Crédits photos © Gendarmerie nationale / Archives
Une interview du lieutenant-colonel Christophe Plourin, chef du bureau de l’ordre public à la Direction Générale de la Gendarmerie Nationale (DGGN).
Parfois critiquées pour leurs actions de Maintien de l’Ordre (MO), en particulier depuis les récents évènements qui ont entouré la contestation du barrage de Sivens (voir notre post), les forces de l’ordre (Police et Gendarmerie) sont pourtant employées dans un cadre légal d’engagement de maintien de l’ordre strictement établi. C’est ce cadre légal qui a permis au ministre de l’Intérieur, Bernard Cazeneuve, de soutenir l’action des gendarmes mobiles et des CRS au cours des manifestations particulièrement violentes à Sivens.
Même si le maintien de l’ordre n’est pas une science exacte, « il existe une véritable science de l’ordre public en Gendarmerie », nous explique le colonel Christophe Plourin, chef du bureau de l’ordre public à la Direction Générale de la Gendarmerie Nationale (DGGN), en charge de la doctrine d’emploi en ordre public au sein de la Gendarmerie nationale. Depuis les mouvements sociaux qui secouaient le nord et l’est de la France au début du XXè siècle, la Gendarmerie s’intéresse au maintien de l’ordre. La spécialité est donc ancienne et très bien maîtrisée au sein de la Gendarmerie. Cela n’empêche pas des drames pouvant survenir dans des situations extrêmement délicates à gérer pour les forces de l’ordre.
« Nous avons tiré plusieurs grands principes d’actions de maintien de l’ordre consistant à accepter et encadrer un désordre temporaire et localisé », précise le lieutenant-colonel Plourin. Ce que les gendarmes et les policiers appellent plus communément le MO ne consiste pas seulement à placer des gendarmes mobiles ou des CRS face à des manifestants, étant la partie la plus visible de cette mission. « Cela passe aussi par une recherche de renseignement, l’application d’un principe de dissuasion pour montrer nos moyens sans avoir systématiquement à les employer, profiter de notre mobilité de manoeuvre pour intervenir rapidement, occuper le terrain ou encore appliquer une certaine distanciation physique vis-à-vis des manifestants potentiellement violents ». Cette dernière notion étant très française car les forces de l’ordre en France ne cherchent pas obligatoirement le contact avec les manifestants, contrairement à ce qui se pratique dans de nombreux autres pays.
Le cadre légal des manifestations oblige en France leurs organisateurs à être clairement identifiés par les autorités, celles-ci étant représentées par la préfecture de Police. Le ministre de l’Intérieur encadre strictement la bonne tenue de ces manifestations et la réponse des forces de l’ordre à y apporter en cas de débordement. A chaque fois, cette réponse est graduée car « il existe des doctrines d’emploi mais c’est à chaque fois l’analyse de la menace qui déclenche la mobilisation de moyens supplémentaires ».
On peut tout de même identifier trois grands types de manifestations. Les manifestations de faible intensité qui demandent uniquement la présence de gendarmes départementaux ou de policiers de la sécurité public. Les manifestations de moyenne intensité qui requièrent une évaluation des besoins produite en amont, la mobilisation de l’unité de coordination des forces mobiles et l’intervention de gendarmes du Centre de Planification et de Gestion de Crise (CPGC) auprès du commandant de groupement de Gendarmerie où se déroule cette manifestation.

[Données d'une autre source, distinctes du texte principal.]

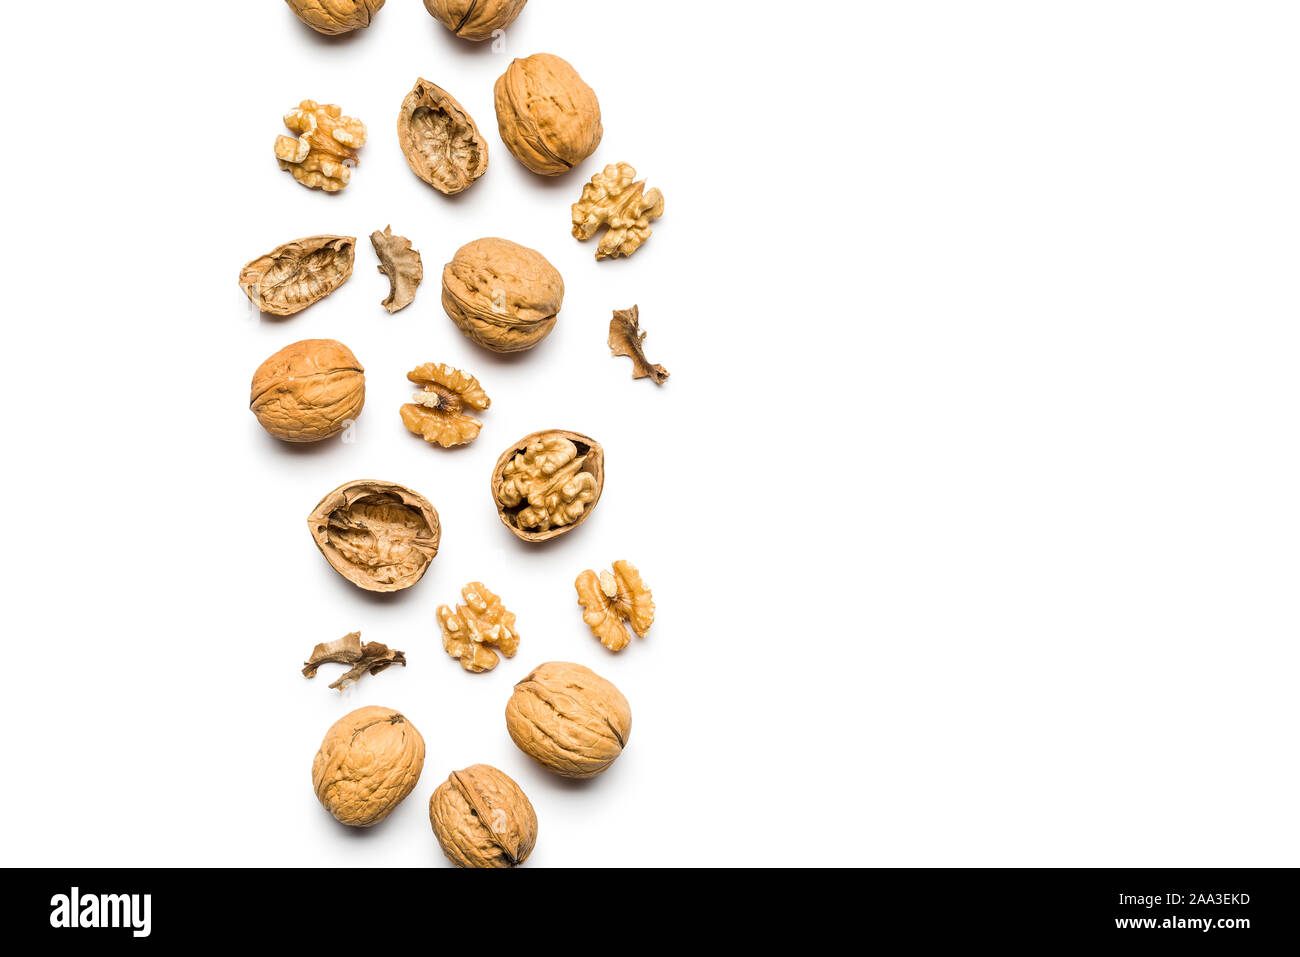 top view of walnuts closed and broken scattered on a white background with copy space Stock Photo

Enfin, le niveau le plus haut, c’est celui de la manifestation de haute intensité. Ce niveau engage des moyens importants pour un évènement comme celui du 70e anniversaire du Débarquement, en Normandie, par exemple. Il ne s’agissait en l’occurence pas de gérer une manifestation mais d’assurer une bulle de sécurité autour d’un site bien précis. « A Sivens, nous étions plutôt entre le deuxième et le troisième niveau » confie le lieutenant-colonel Plourin. Des gendarmes du CPGC ont été déployés sur place pour coordonner l’action des forces de l’ordre avec les autorités administratives. Les autorités et le commandant de groupement sont ainsi en mesure de décider de l’emploi de nouveaux moyens en quelques heures voire en quelques minutes selon l’urgence de la situation.
En France, la Gendarmerie compte compte 11 200 gendarmes mobiles répartis entre 108 escadrons. Elle compte également un groupement blindé (GBGM), basé à Satory.